> **Aim of the task**: From the line containing "Halász válogatja a" to the final line of the listing, restate each line word for word and add nothing.

> **Dataset section**:
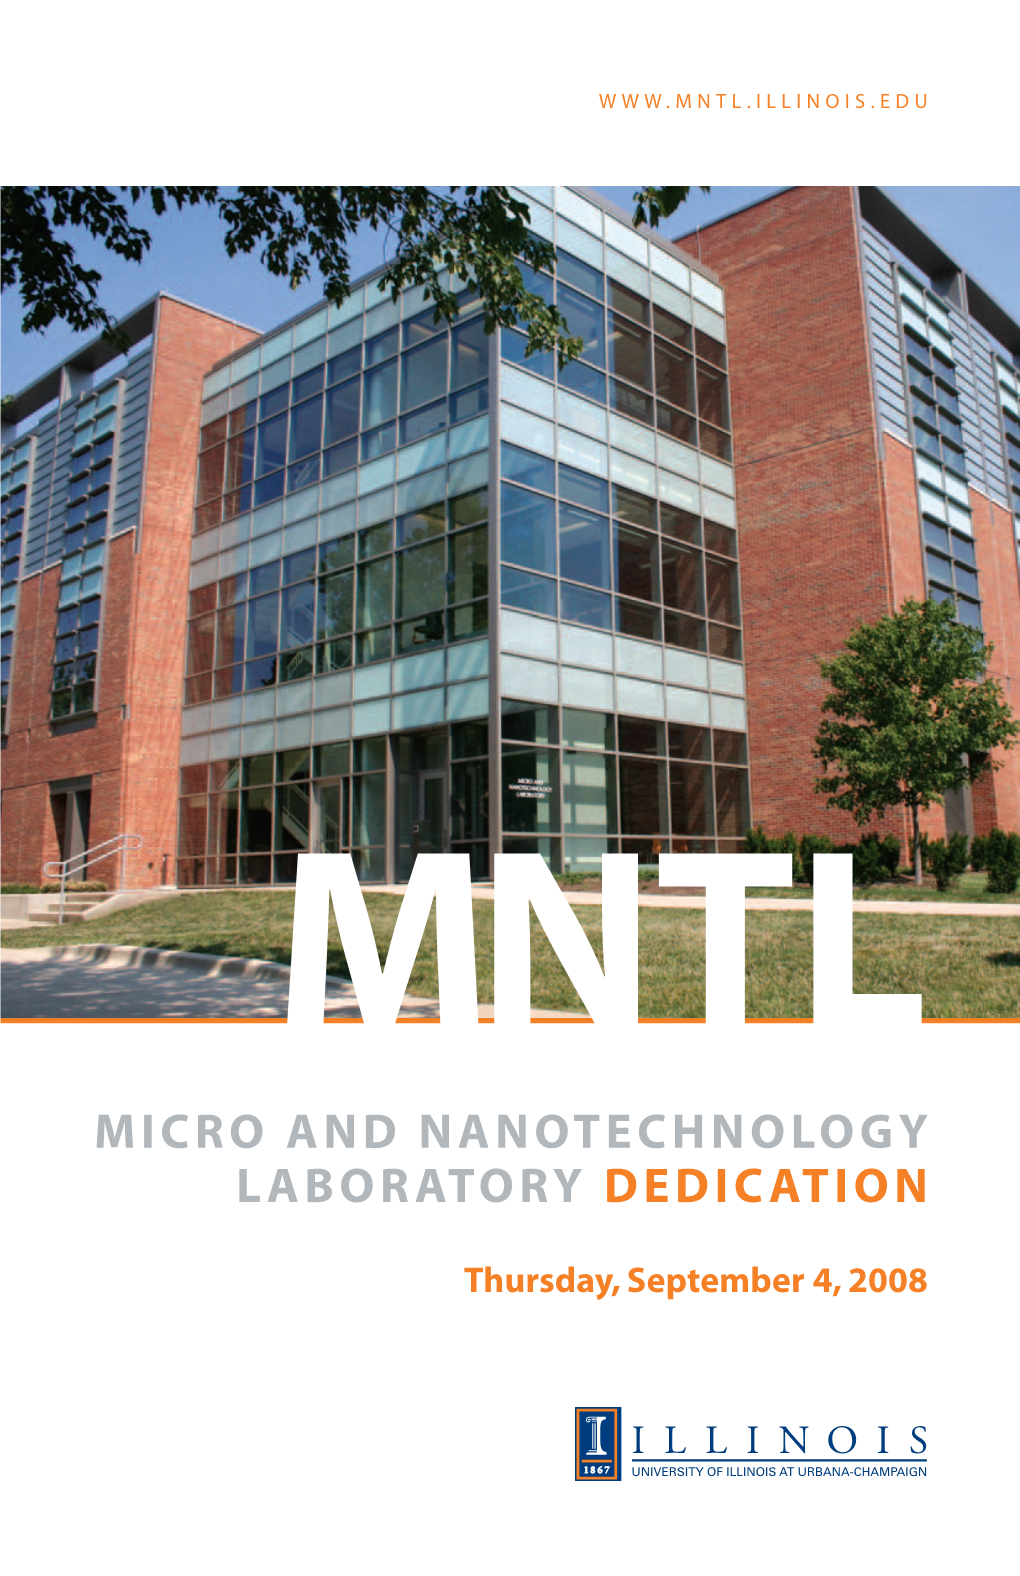 Micro and Nanotechnology Laboratory Dedication
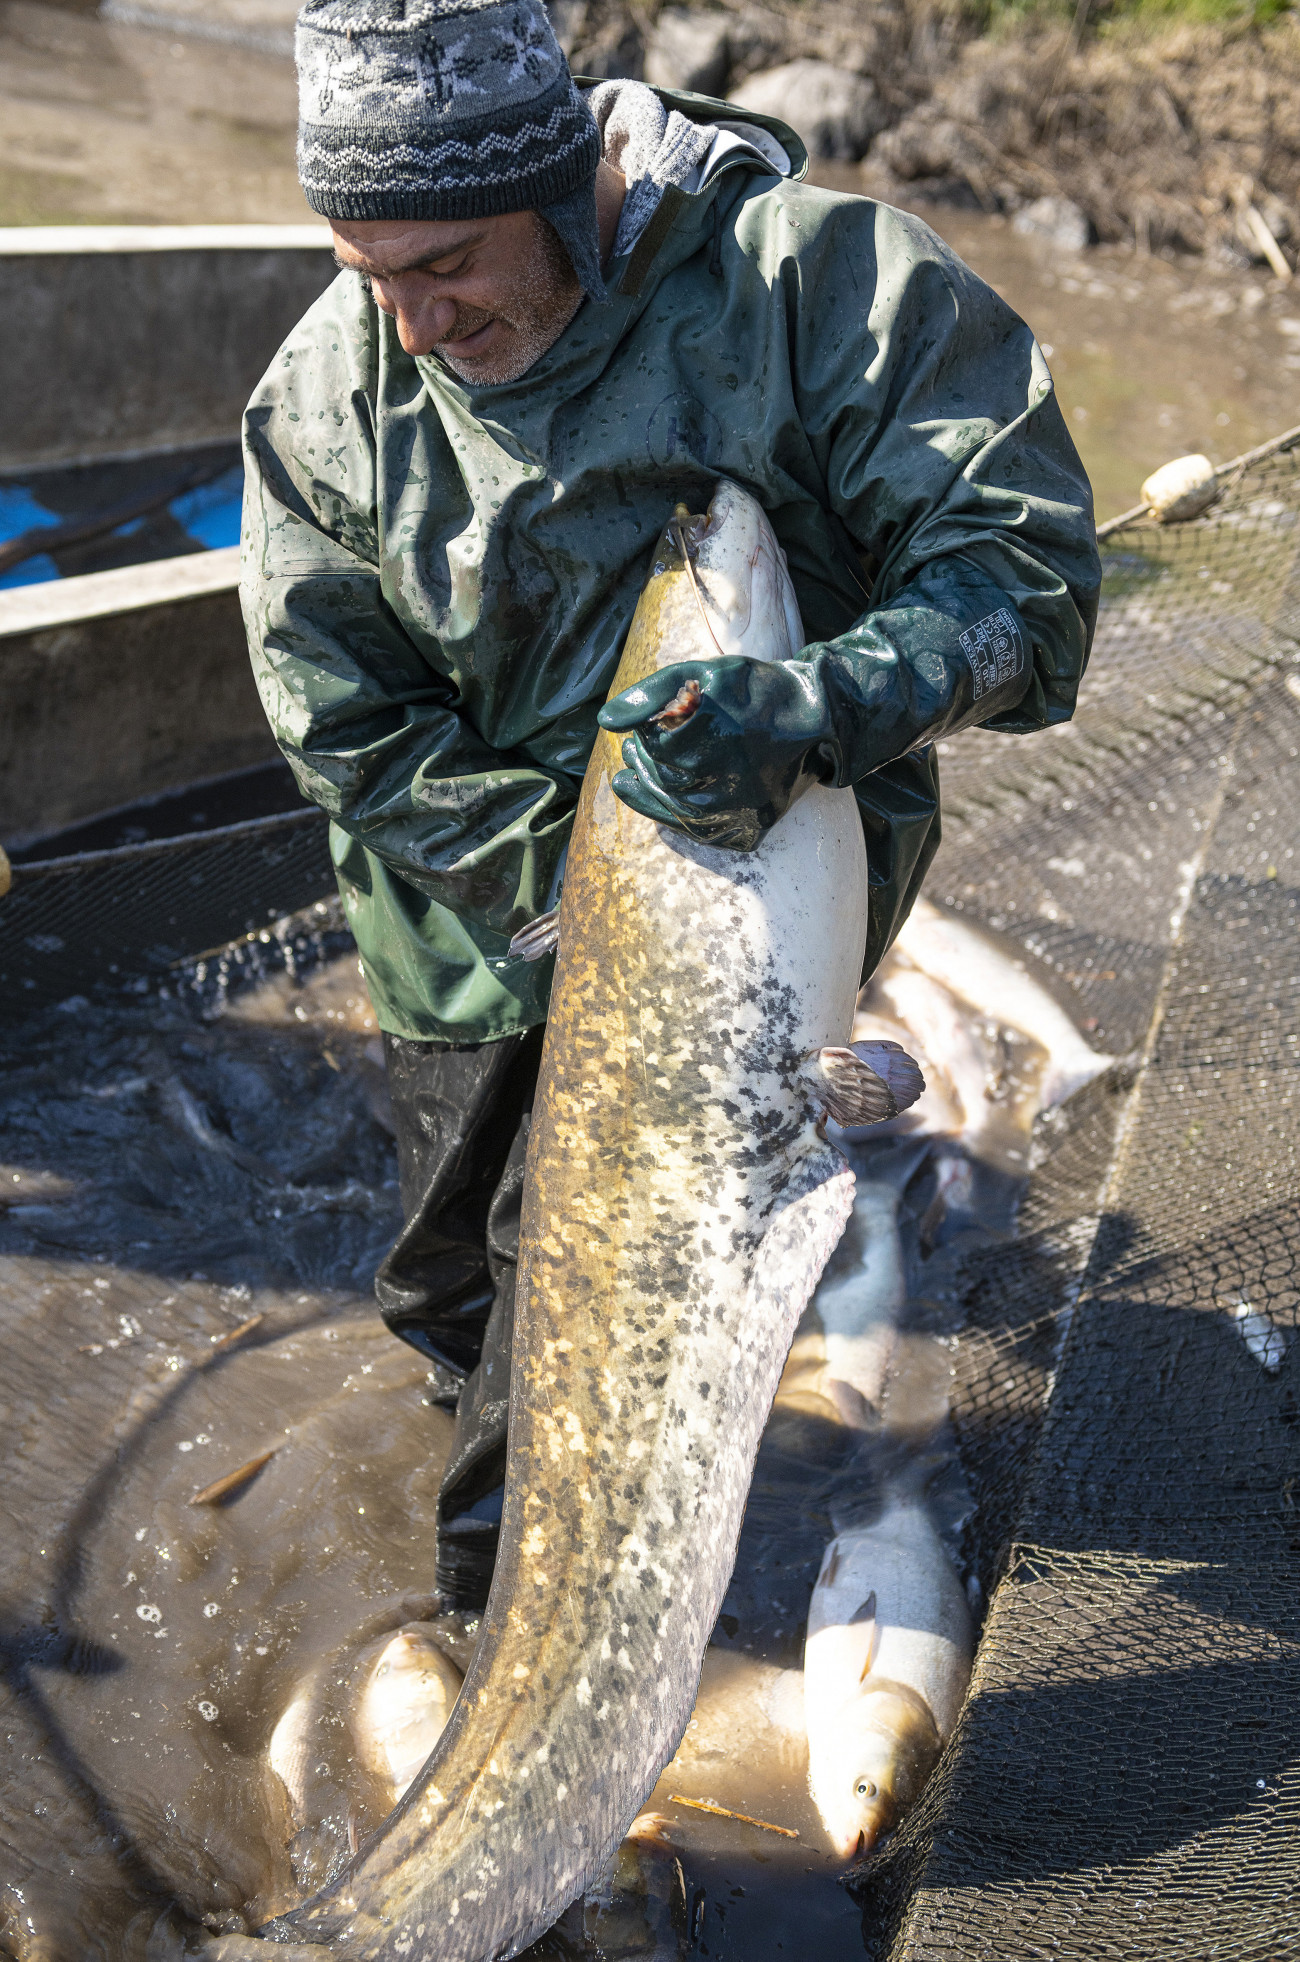 Tiszavasvári, 2020. április 1.
Halász válogatja a halfajtákat a Szabolcsi Halászati Kft. tiszavasvári tóegységén 2020. április 1-jén. A 600 hektáron gazdálkodó halgazdaság évente 450-550 tonna édesvízi halat tud lehalászni. A koronavírus-járvány miatt az exportálási lehetőségek és a belföldi kereslet is csökkent, még 100-120 tonnányi vár értékesítésre.
MTI/Balázs Attila

> **Result of the task**:
Halász válogatja a halfajtákat a Szabolcsi Halászati Kft. tiszavasvári tóegységén 2020. április 1-jén. A 600 hektáron gazdálkodó halgazdaság évente 450-550 tonna édesvízi halat tud lehalászni. A koronavírus-járvány miatt az exportálási lehetőségek és a belföldi kereslet is csökkent, még 100-120 tonnányi vár értékesítésre.
MTI/Balázs Attila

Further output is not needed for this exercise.